Personally, it’s when I thought back to other films I’ve seen that were based on reality, and that should have touched me but didn’t, that I saw its real attraction.
The first one was Gorillas in the Mist, a story about famous conservationist Dian Fossey and her life among our very own gorillas. Her death at the hands of a government that should have lionized her for her work but didn’t because it had no direction should surely be touching.

But imagine it. One of the locals, as portrayed in the film, called out to a fellow local: “Aterere! Nũmwũnire?”

On hearing the language spoken, the Kenyan friends I was with laughed me out of the cinema hall!

That was in the 1980s when I lived in Kenya and I’d just explained to some Kenyan friends that the animals they were calling baboons were actually gorillas of Rwanda, where Dian Fossey had lived. The irony was that those portrayed as locals were speaking Kikuyu, one of a number of Kenyan languages. It still shames me to recall.

Then there was Hotel Rwanda. The story was going according to the reality of what took place inside Hôtel des Mille Collines – minus the hoax of a hero it was based on, who had duped the film’s producers – until the scene moved to a taxi park, supposedly downtown Kigali.

Instead of the familiar ‘Twegerane’ (Kigali’s minibus commuter-taxis) with their green dotted-line bands of the time, the minibuses were spotting unbroken yellow bands. That and the language spoken in the crowd betrayed the fact that the scene had been taken in South Africa.

Combined with the fake on whom the story is based, a fake who had actually used the chance of managing the hotel to collaborate with the génocidaires in their gory enterprise, you can imagine what the film did, and still does, to the feelings of the survivors of that hell.

A weighty subject like the Genocide against the Tutsi, a vile occurrence of the century, treated so casually? What’s the essence of film making if it’s not that it should be faithful to its subject?

We know that these American and European film companies are flush with funds. And we have seen how they are ready to deploy them to get the facts behind their stories. Why do they sometimes entertain this amateurish oversight, if at all it’s an oversight?

In The Queen of Katwe, what is truly delightful is the way life in Kampala and the exact conditions the hero of the story lived in are captured and shown to a minute but correct detail.

You see Nakivubo Channel with its dirt-choked waters; sufurias packed beyond their rims with banana-leaf-wrapped matoke; humanity swarming around minibus-taxis that so easily ‘dig’ a route through and around them; et al. You lose yourself in the life of the area if you’ve been there or, if you haven’t, instantly recognize it when later you visit.

But what’s most convincing about a story probably are the people who tell it; their common mannerisms and their language.

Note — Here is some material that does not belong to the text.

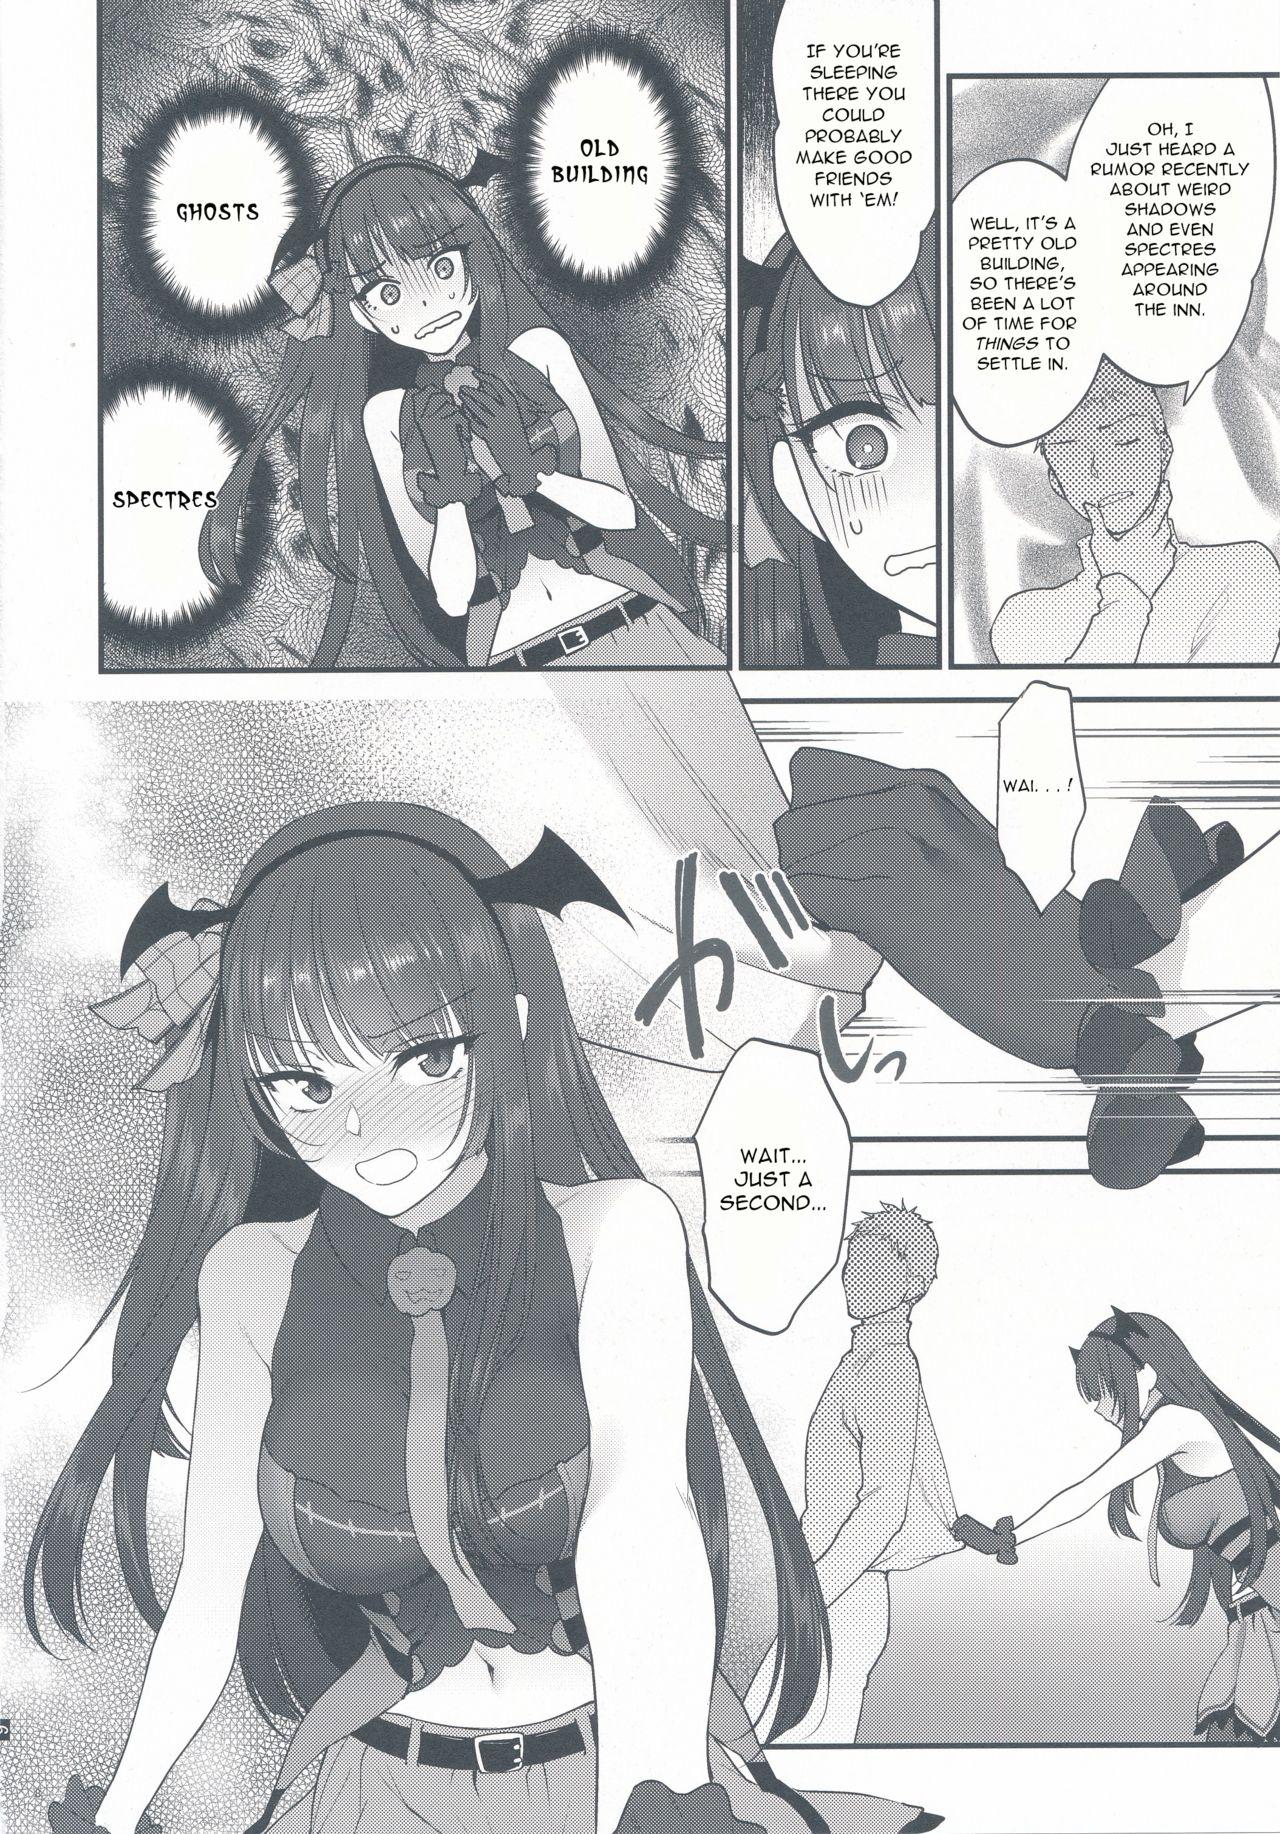 Best Blowjobs Obake nante Inai! - Girls frontline Pussyeating - Page 8

And so in Kampala, where Luganda dominates other local languages, in the film you hear that language often or hear it mixed with their English, which is invariably peppered with that unique Ugandan accent that the actors convincingly affect. In fact, even their common mistakes in English are not ignored and so where a team beats another, you hear: “We won them!”

So, here in Rwanda, why don’t we demand an apology, in the form of remakes, over our vulgarized and abused stories? Is it impossible to get legal redress?

But then again, the way I see it is that there may be complications if, for instance, the producers of the two films were to ask for our assistance in the realisation of remakes. Where, in this Rwanda of today, can you get the primitive conditions of those days?

Still, the way respect has been accorded Queen of Katwe should inspire us to demand justice for Gorillas in the Mist. But as for Hotel Rwanda, may it go the way of those brute times!